So I believe this week’s video is about “Making Time for Love,” and it should be coming up soon. Having not seen it yet, I don’t know which sort of “love” we’re trying to fit more of in our lives. Do we mean dating, if you're single? Or, if coupled, do we mean increasing the emotional closeness and affection in our relationship? Or are we just using “love” as a polite euphemism for “Doing It?” Maximizing these three kinds of "love" involves totally different strategies!
As a long-married, middle-aged person, I think I'll tackle the emotional bonding stuff. Because I have to confess, it's been a couple decades since I've dated, and finding more time to get horizontal for the physical act is frankly not all that compelling a subject anymore. (I know, what a party pooper.) But creating more opportunities for “love” in the more general sense—that is, affection, support, appreciation, hugs, giggles, and just plain having a blast with each other—I find that much more fun to talk about! And the cool thing is, these kinds of activities don’t necessarily take more time, just more conscious attention.
For example, “making love in the home depot parking lot” can be as simple as a moment of hand-holding on the way to pick out paint colors, or a “hey, did I ever tell you you look great in those shorts?” Whereas the other kind of “making love in the home depot parking lot” can get you road rash, not to mention a ride downtown in the back of a police car.
I know in my relationship these 3 things make me feel very loved, and so I always try to keep them in mind myself:
1. Being appreciated. I get sincere thanks for everything I do, from “being me” to remembering to bring up extra toilet paper rolls from the basement. Because we both do this for each other, we are almost neurotically viligant at noticing what the other person is contributing, both logistically and emotionally, to our relationship. (“Thanks for being so patient with me when I was being such a butt-head at breakfast”).
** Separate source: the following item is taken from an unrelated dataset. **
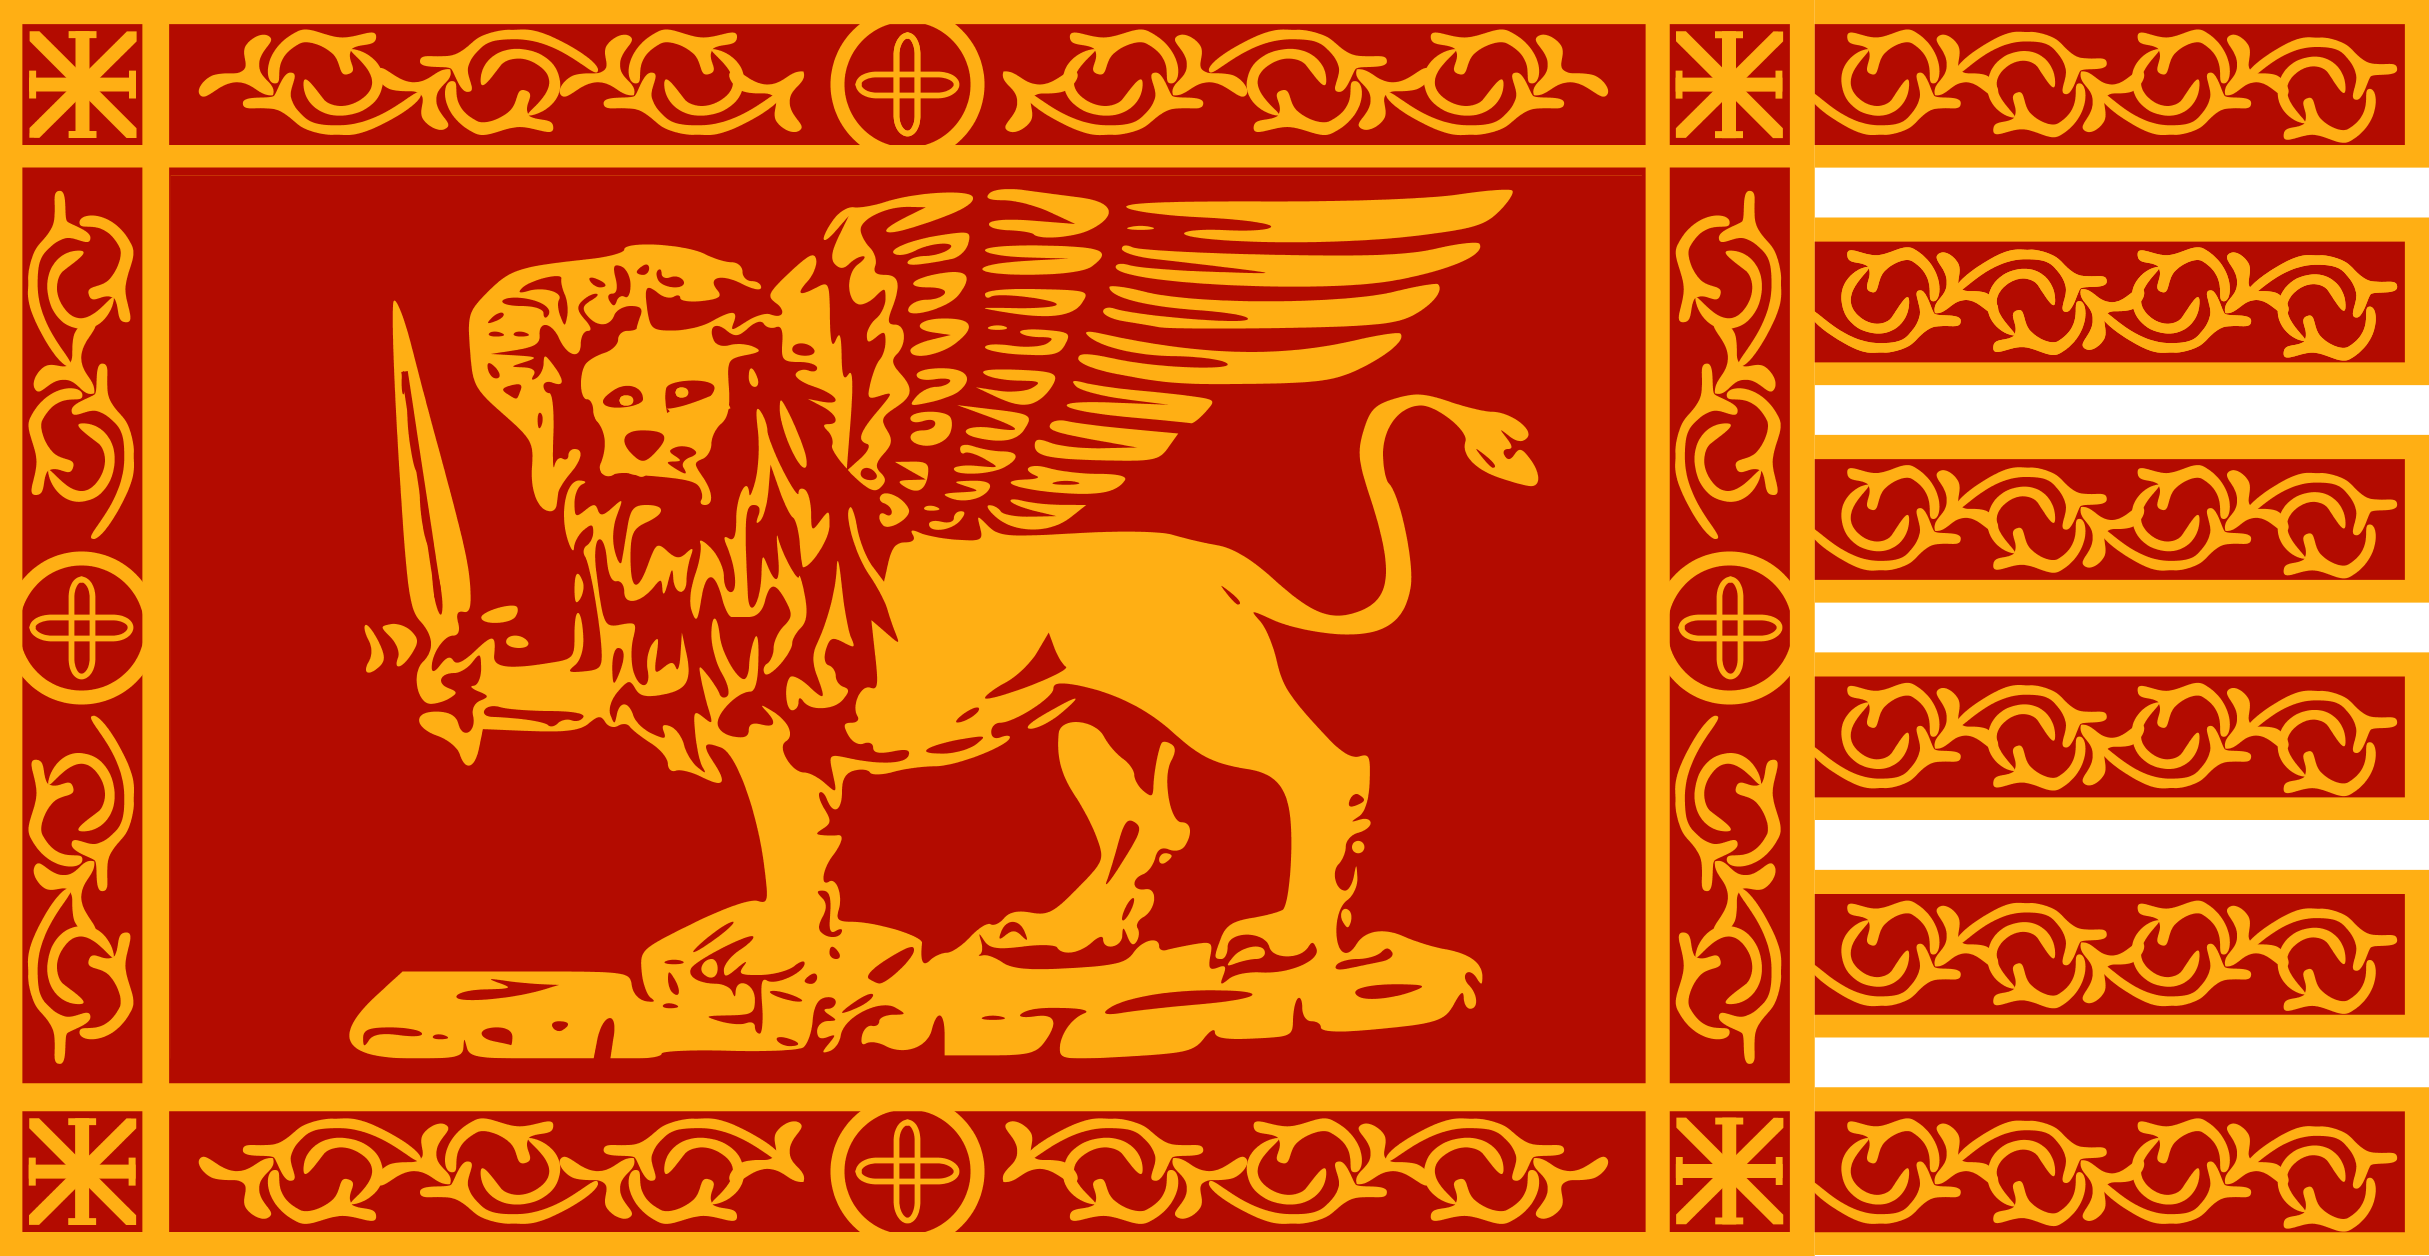 意大利威尼斯国旗 库存图片. 图片 包括有 突破, 吸引力, 象征, 设计, 外套, 飞行, 图标式, 目的地 - 157499893
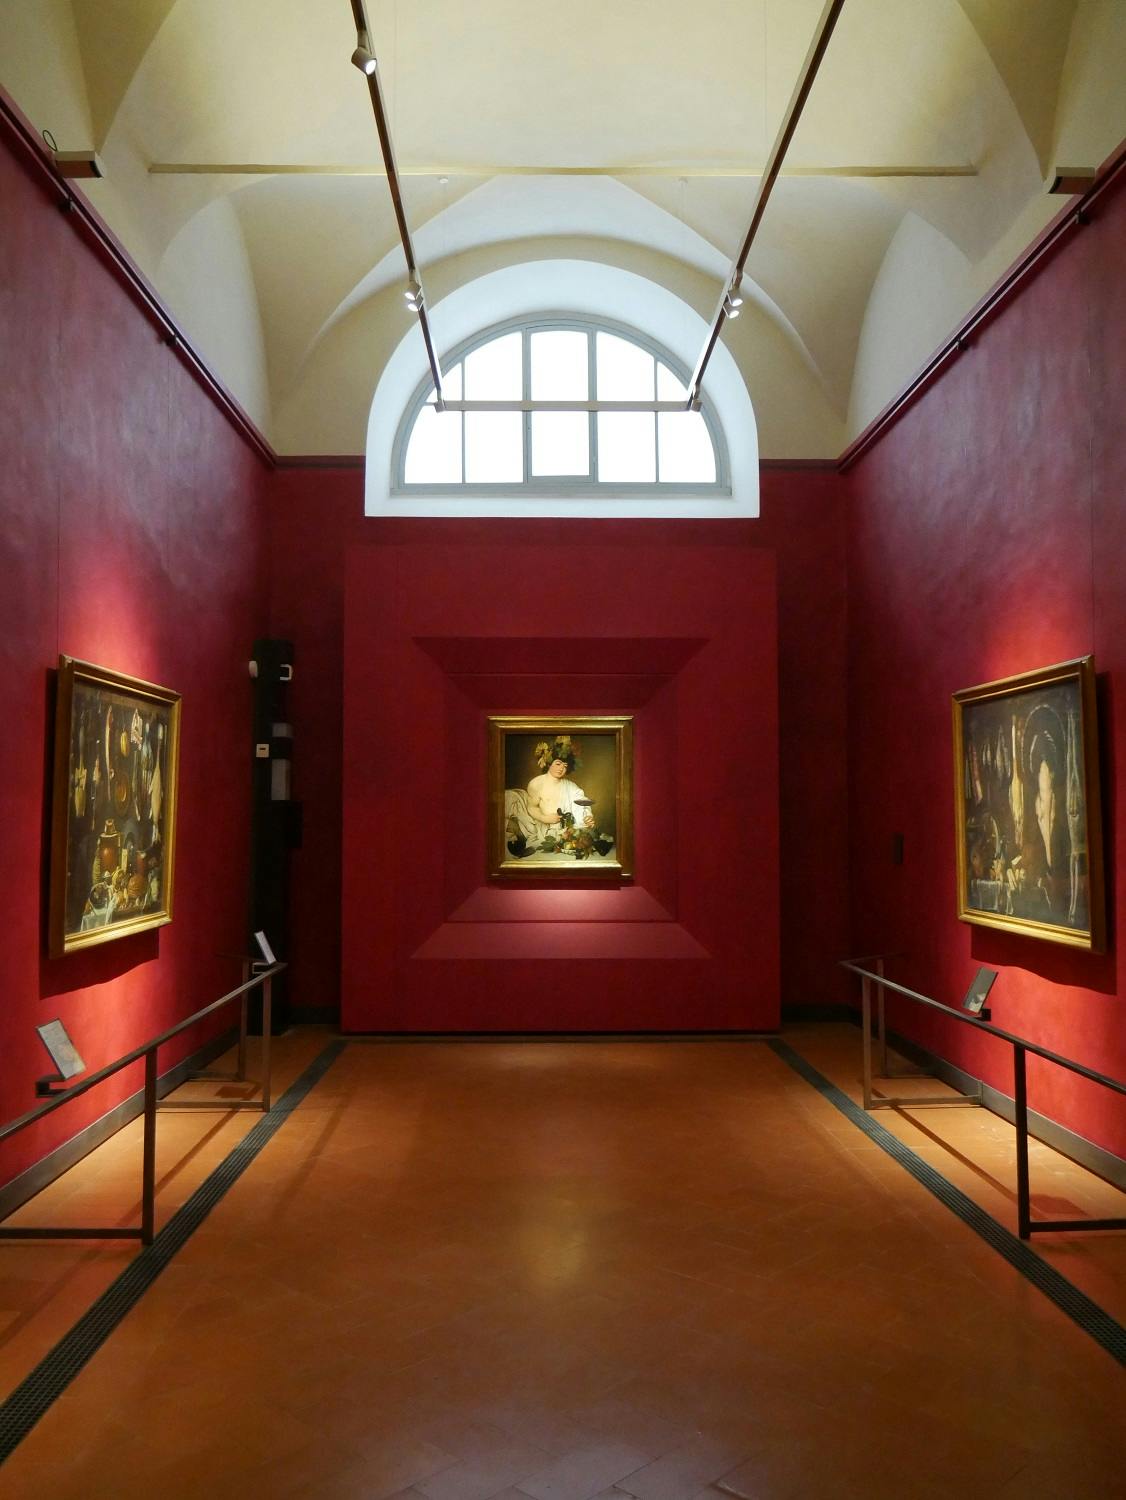 Caravaggio and the 17th century

2. Feeling heard. I know how boring it must be when I talk how many minutes I spent on the elliptical in the gym, or what happened last night in my dream after I found myself on stage with Lady GaGa and Groucho Marx at Carnegie Hall, only it was also a cruise ship that was sinking like in the Poseidon adventure… Well, I never FEEL as boring as I am, because my spouse is wonderful at listening to me and responding with appropriate comments, or at least faking it really, really well.
3. Hugs, kisses, and “I love you’s.” Not everyone wants frequent verbal and physical reminders that they are loved. But a lot of folks do (even if they’re guys and are reluctant to admit it). And if you’re on a budget: good news, they’re all free!
As it happens, there are some Blogher bloggers out there who have some great insights and anecdotes about ways of bringing more love and appreciation in to their relationships.
For instance, “An American Girl in the UK” has a lovely post over at I Say Tomato about the special way she and her husband celebrated their one month anniversary. As she says, “the occasion had to be marked with some romance and just a wee bit of fanfare.” And the tale is charmingly British, as it involves a Vicar, a cheeky rose bush, some fish and chips, and Dawn French.
And Dating Trooper has a great story of another special occasion over at Dating Is Warfare in which a saucepan, a can of tomatoes, and a resourceful and diplomatic boyfriend salvaged a milestone occasion in their relationship.
Also, would you like to find new appreciation for your partner or spouse? Head over to True Wife Confessions, where anonymous readers send in their (mostly wrenching) accounts of how they really feel about their husbands and marriages. And wow-- there are a surprising number of no-account, philandering, lying, bullying, lazy, insensitive louts out there! However, some of the women’s confessions are not complaints at all, but are quite uplifting. Here is an excerpt from Confession #2920:
“I want to thank you for being the person that makes me laugh my ass off daily.
I want to thank you for the endless cups of tea.
I want to thank you for knowing it's your hair that clogs the drain and being embarrassed about it.
I want to thank you for loving my daughter.
I want to thank you for wanting to hold my hand.
I want to thank you for your patience with my ex…”
And there is more there too!
So if this video turns out to be about how to get rugrats out of your hair long enough to lock the bedroom door and attend to “business time”, then sorry for the lack of tips! But I’m also curious about how people manage to work more “love” in the broadest sense into their lives.